> [PROVIDED DATA]:
[Start of Attachment]

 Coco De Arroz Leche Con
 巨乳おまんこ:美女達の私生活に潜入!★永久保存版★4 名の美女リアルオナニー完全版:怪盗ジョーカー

[End of Attachment]
[Start of Attachment]

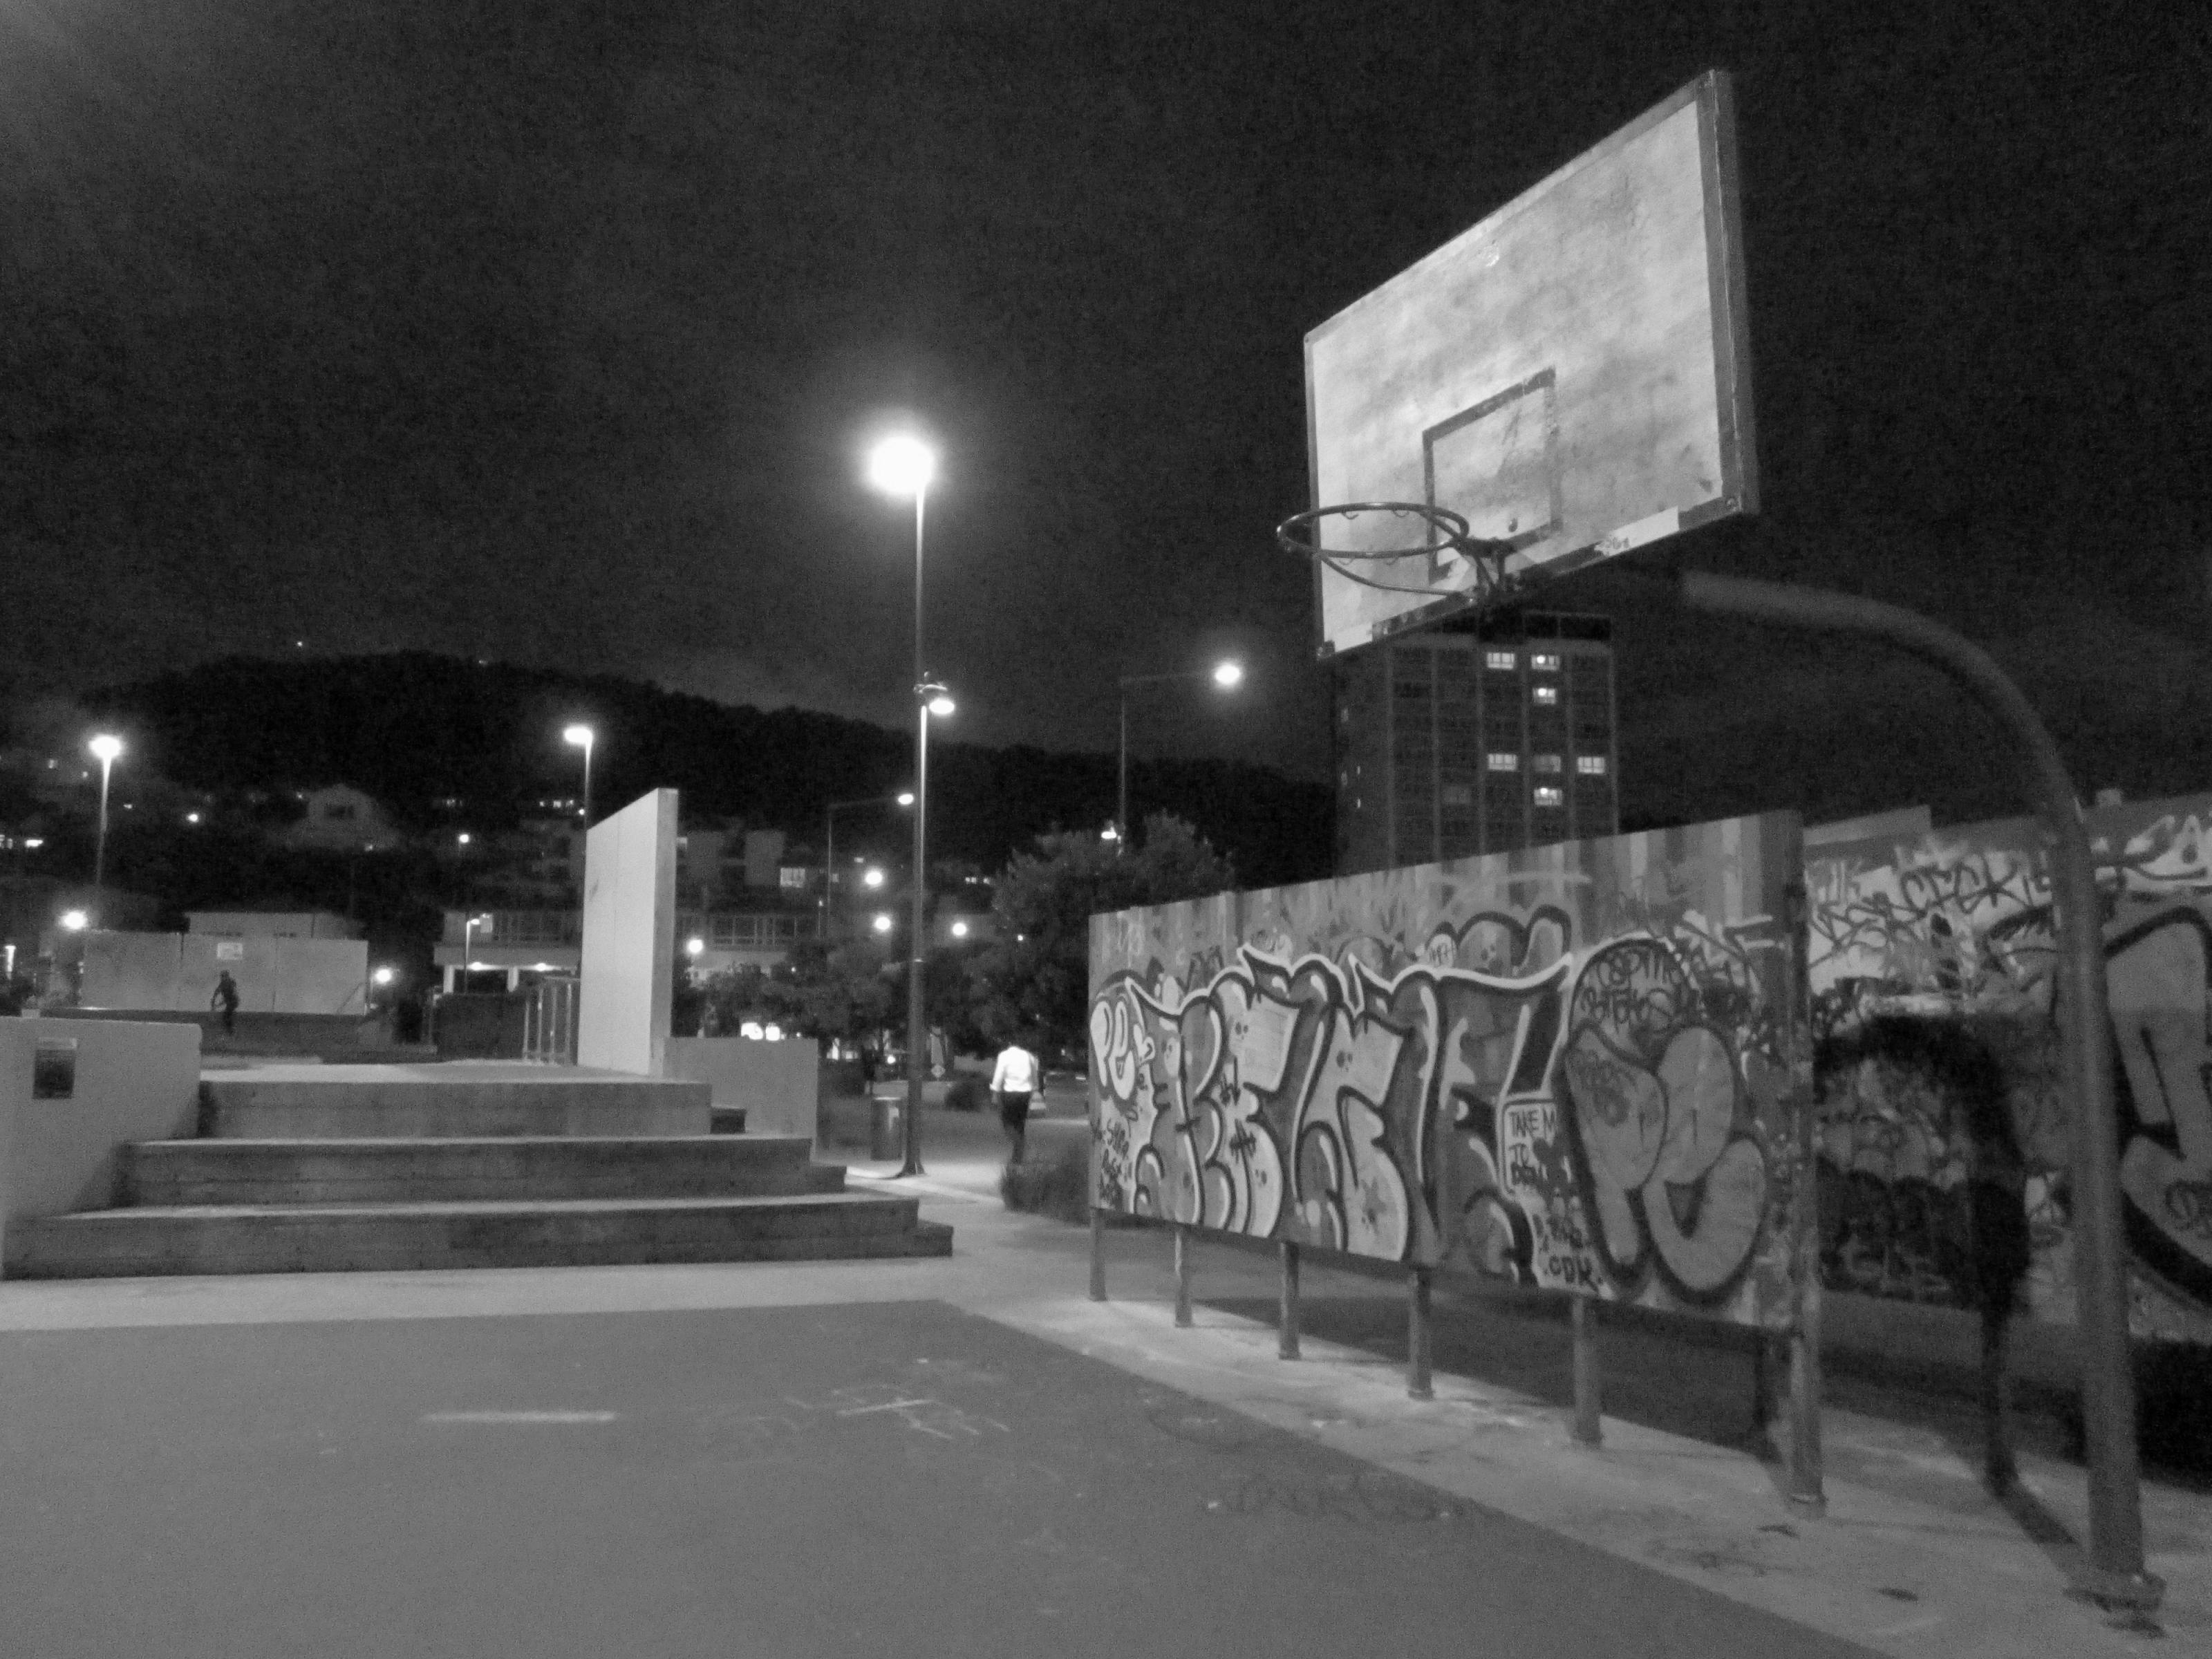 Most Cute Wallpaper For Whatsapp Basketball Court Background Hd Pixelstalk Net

[End of Attachment]
[Start of Attachment]

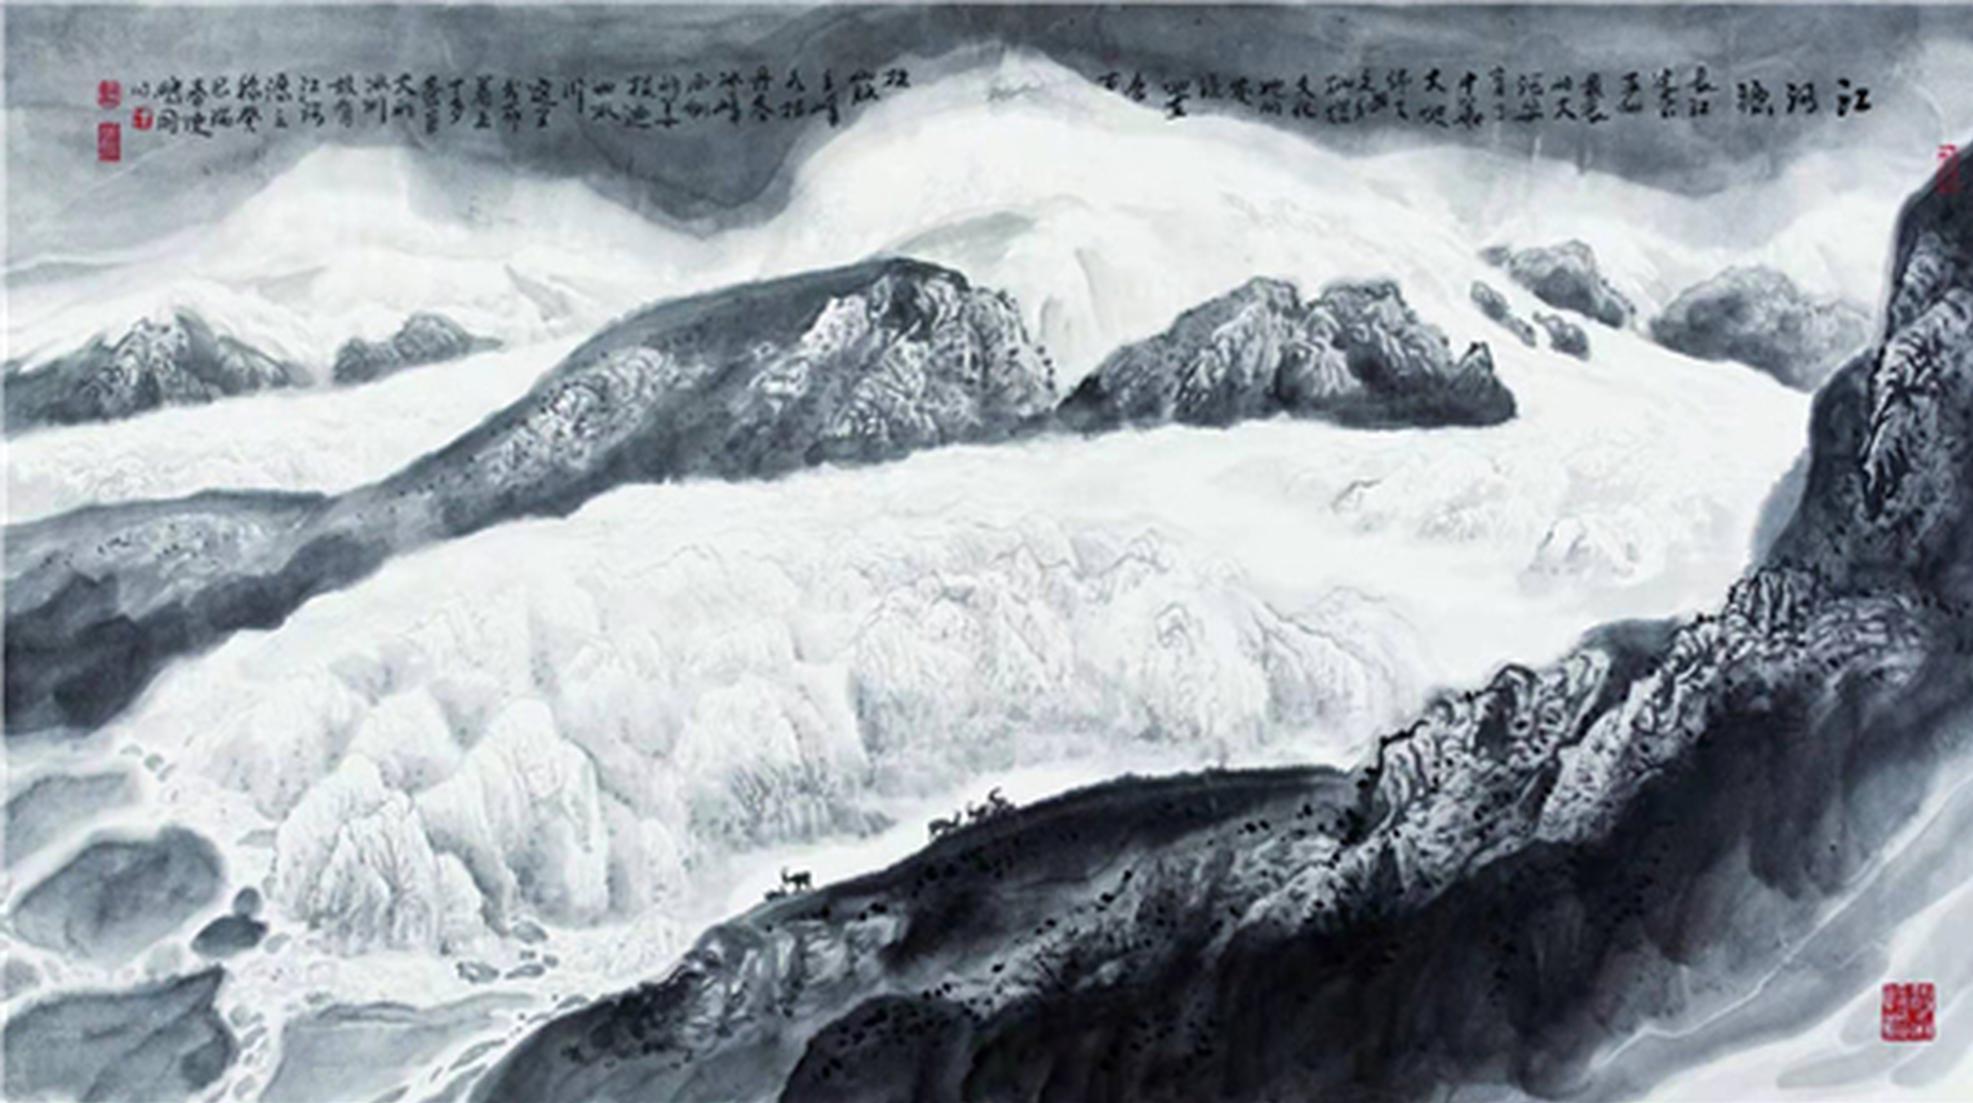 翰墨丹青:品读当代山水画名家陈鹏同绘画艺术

[End of Attachment]

> [WORK ITEM]: From the records above, transcribe exactly the run of lines that opens with the line holding "Coco De Arroz Leche Con" and closes with the line holding "巨乳おまんこ:美女達の私生活", both included.

> [PROBLEM SOLUTION]:
 Coco De Arroz Leche Con
 巨乳おまんこ:美女達の私生活に潜入!★永久保存版★4 名の美女リアルオナニー完全版:怪盗ジョーカー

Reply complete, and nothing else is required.